Transcribe the listing exactly; drop the images.

(DATA EXCERPT begins)

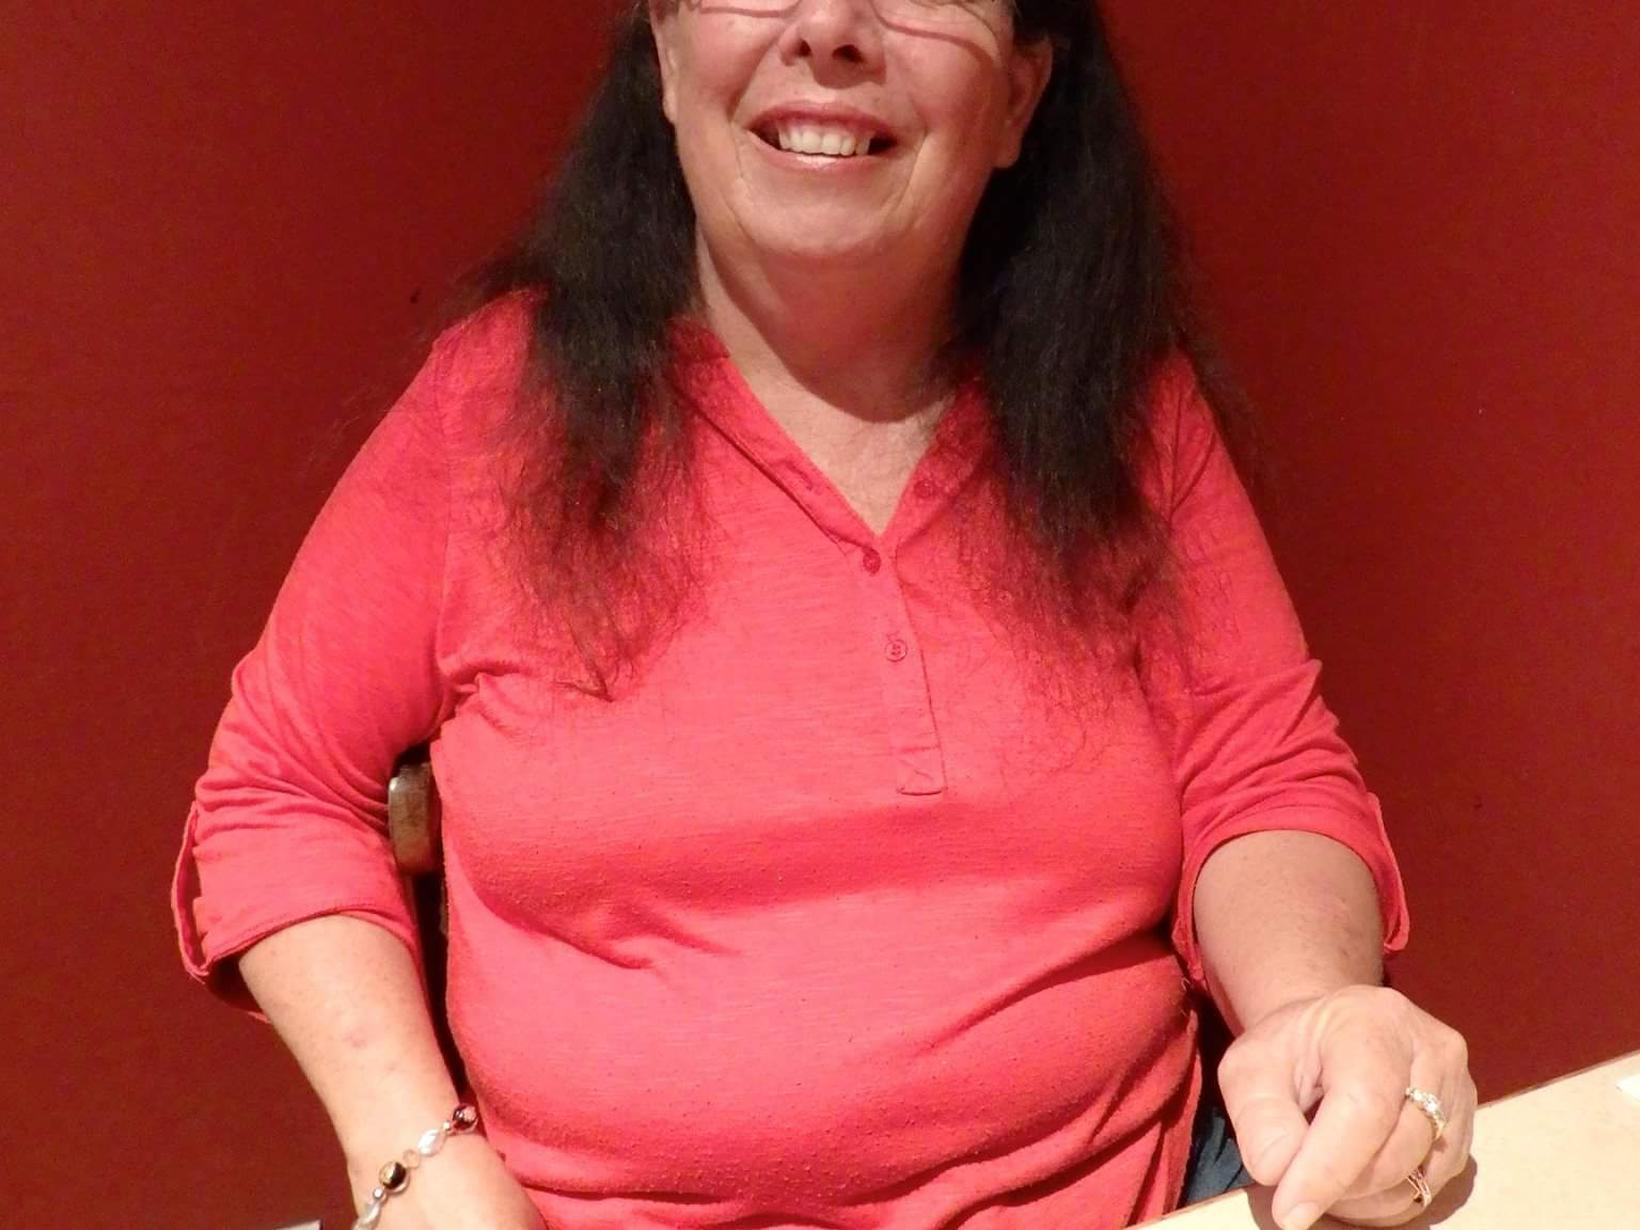 Karen from Brisbane, Queensland, Australia
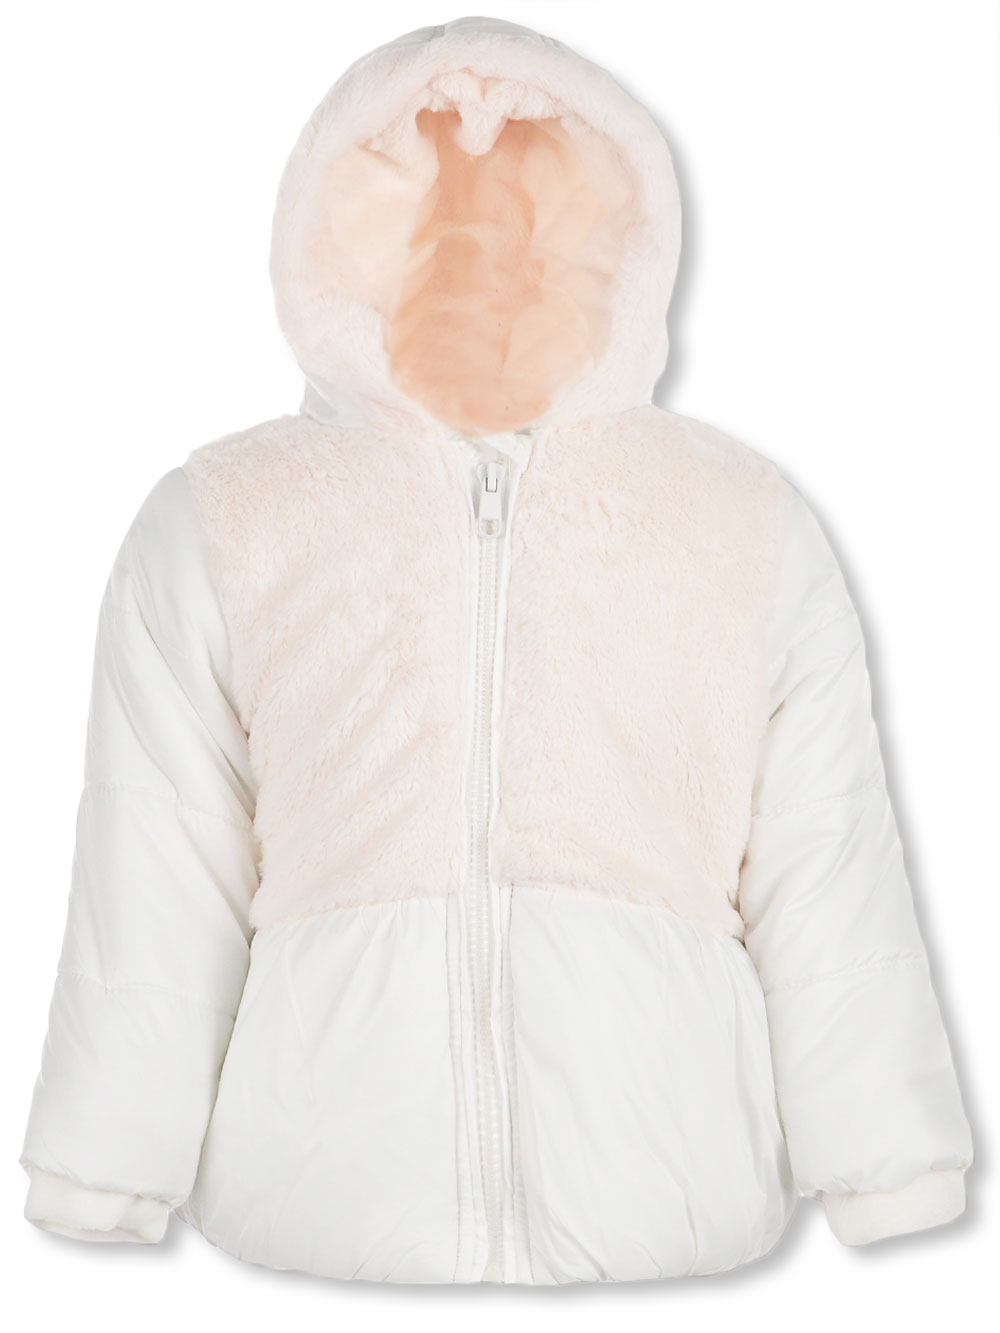 Reebok Baby Girls/' Hooded Pram Suit
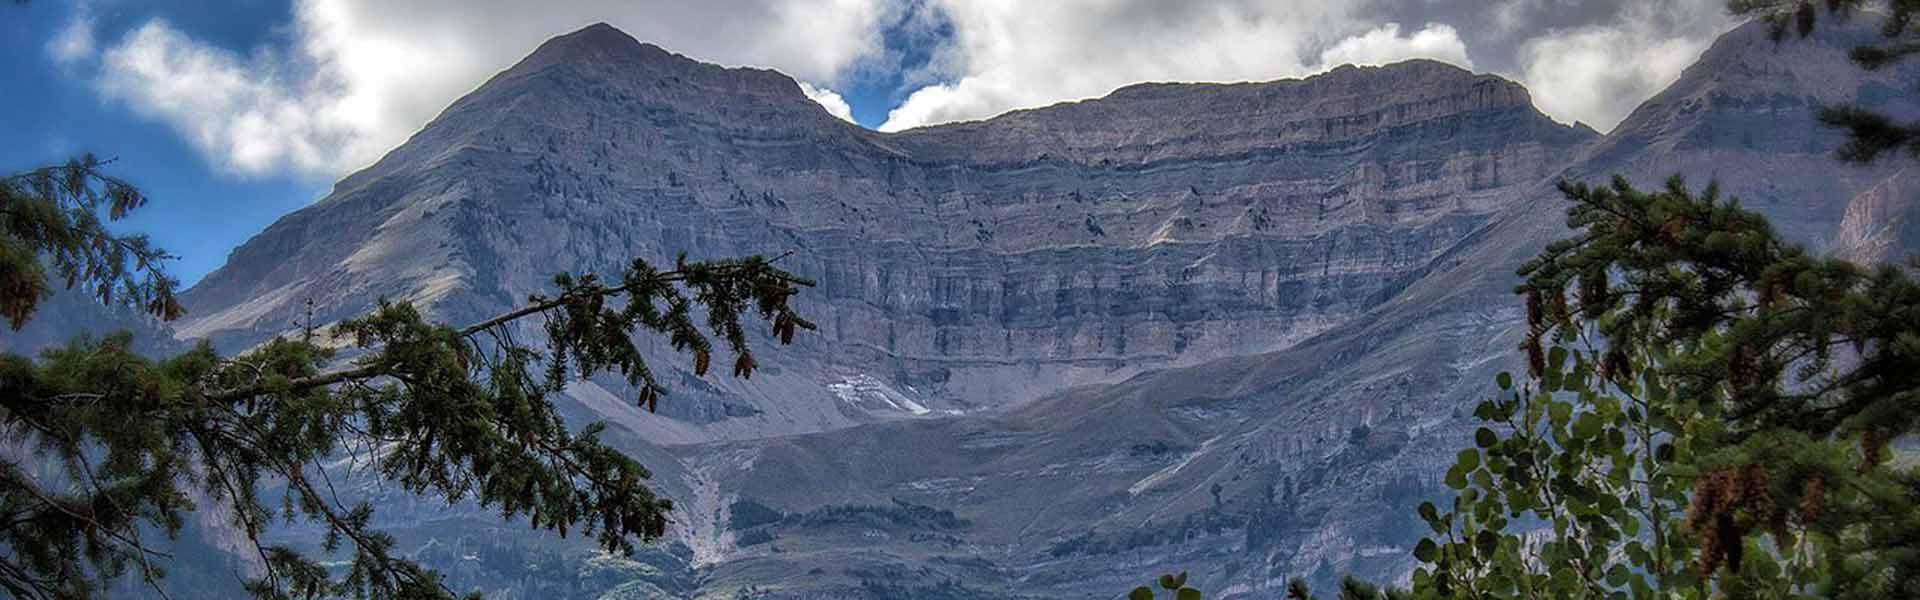 Timpanogos Mountain

(DATA EXCERPT ends)

__EXERCISE SOLUTION__:
 Karen from Brisbane, Queensland, Australia
 Reebok Baby Girls/' Hooded Pram Suit
 Timpanogos Mountain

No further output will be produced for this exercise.